3PL Partnerships: From Tactical to Strategic

It was déjà vu all over again as I sorted through the responses to this year’s Top 10 3PL Excellence Awards survey and 3PL Perspectives research. Like last year, and the year before, and the year before that, a sizable percentage of survey respondents said they select logistics partners based on their ability to secure trucking capacity on demand, and get services at the lowest price: "Give me loads when I need them, and don’t charge me a lot." Capacity concerns and cost savings still drive this approach, despite 3PL investments in technology, resources, and connections.

But, one new pattern emerged this year. Many more survey respondents than in past years said they were beginning to forge collaborative, strategic relationships with their 3PLs—not just tapping them for brokerage services, but actually moving away from "provider only" to a fuller logistics partnership.

We didn’t ask this specific question on our research survey, so it is hard to identify what is motivating this shift. It could be the economy, with more companies focused on reducing total logistics costs as opposed to reducing just the transport portion. Inbound Logistics readers certainly know that practicing demand-driven logistics to better match supply to demand signals will accomplish that. Undertaking an inbound logistics approach, however, is ultimately more complicated than managing outbound transport spend only. Relying on logistics providers to accomplish that philosophy shift requires drawing on more than their brokerage capabilities.


Another motivaton could be a quest for professional excellence, especially in today’s job market. Most logistics and supply chain practitioners strive to do the best they can for their companies, and be the best they can for professional development reasons. The career advancement resources Inbound Logistics produces always generate lots of reader involvement, indicating that they want to be up on the latest trends and practices to help them excel at their profession. Is there a connection between job excellence and using a broader range of 3PL services?

Suppose you are someone who engages in a Mitty-esque dream about being the world’s best supply chain or logistics practitioner, to save the most for your company, and, in so doing, keep your career on track, and your job secure. How do you make that dream real? Even if you are the most proficient practitioner, there are some limits you can’t go beyond. You can be limited by your company’s structure, available resources, management buy-in, and other business realities.

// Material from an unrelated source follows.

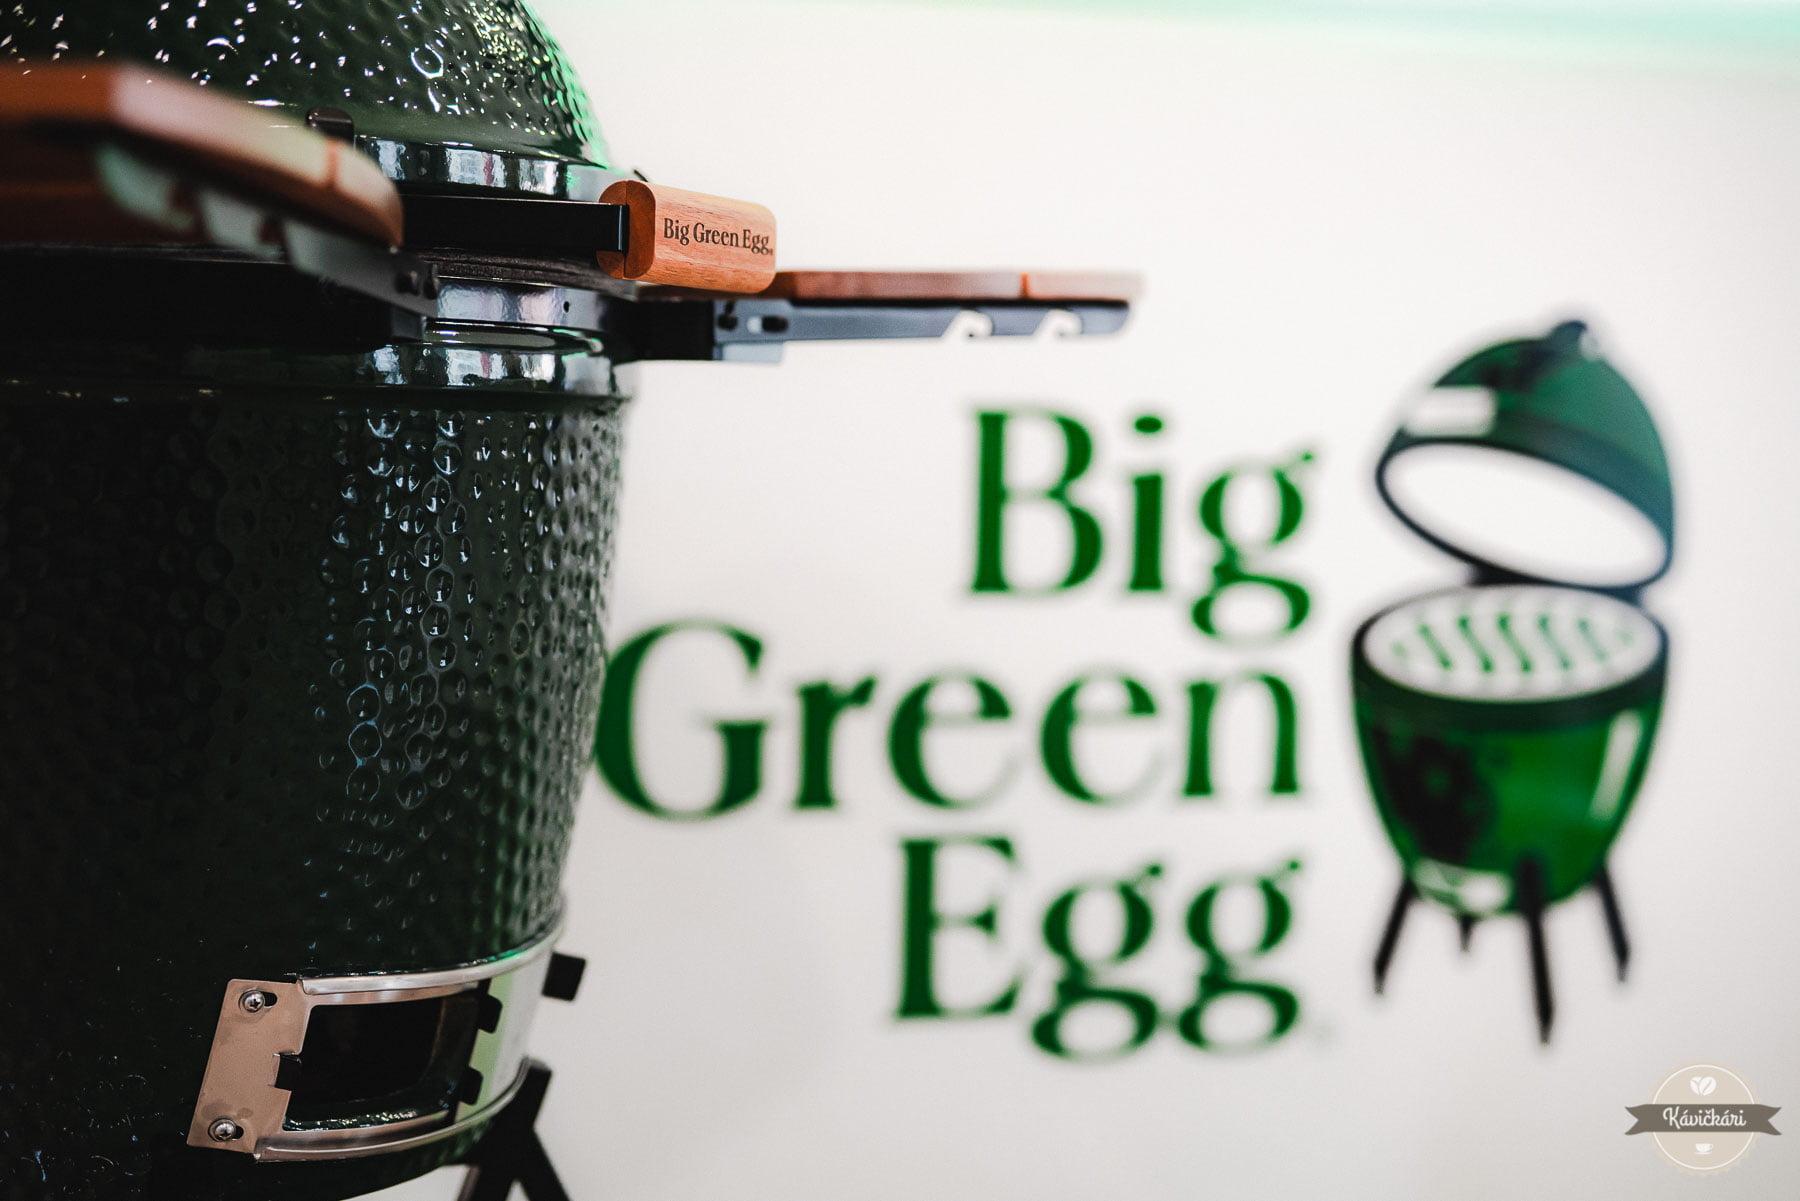 green-egg-centrum-52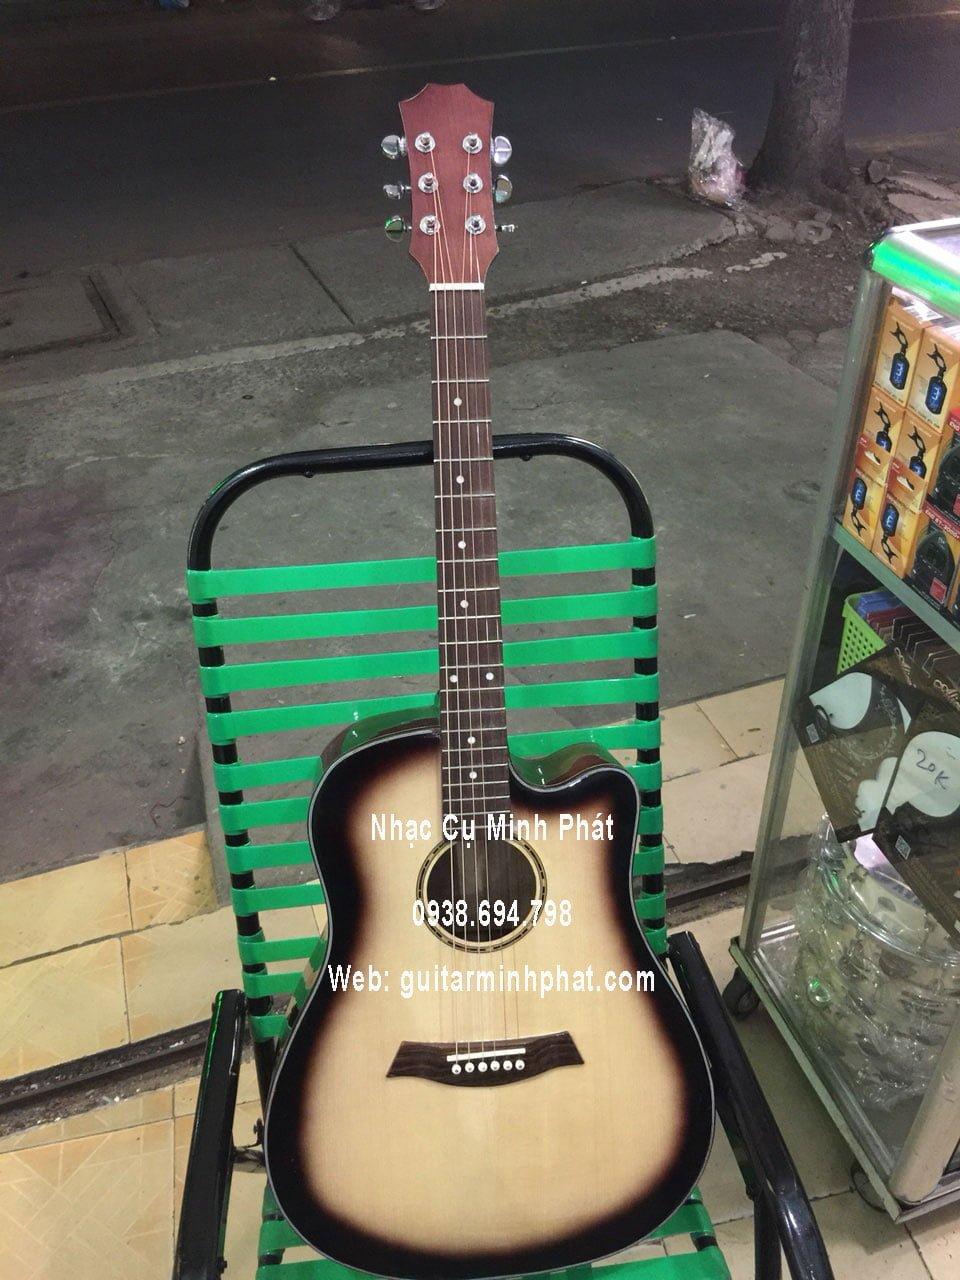 Bán đàn guitar giá rẻ quận bình tân bình chánh tân phú quận 6 chỉ 390k- guitarbinhtan.com - 6

Even if you are on a quest to be the best, few companies and fewer practitioners have the time, authority, or resources to tear down functional silos, build extra-enterprise technology, establish alliances for capacity sharing and cost savings, position seasonal scalability, stage global logistics and supply chain infrastructure, and more. But if you use your third-party logistics partners for more than brokerage—not just as tactical providers, but as strategic partners—a whole new world of logistics excellence and accomplishments could open up to you.

This 3PL issue offers insight into how to make that happen.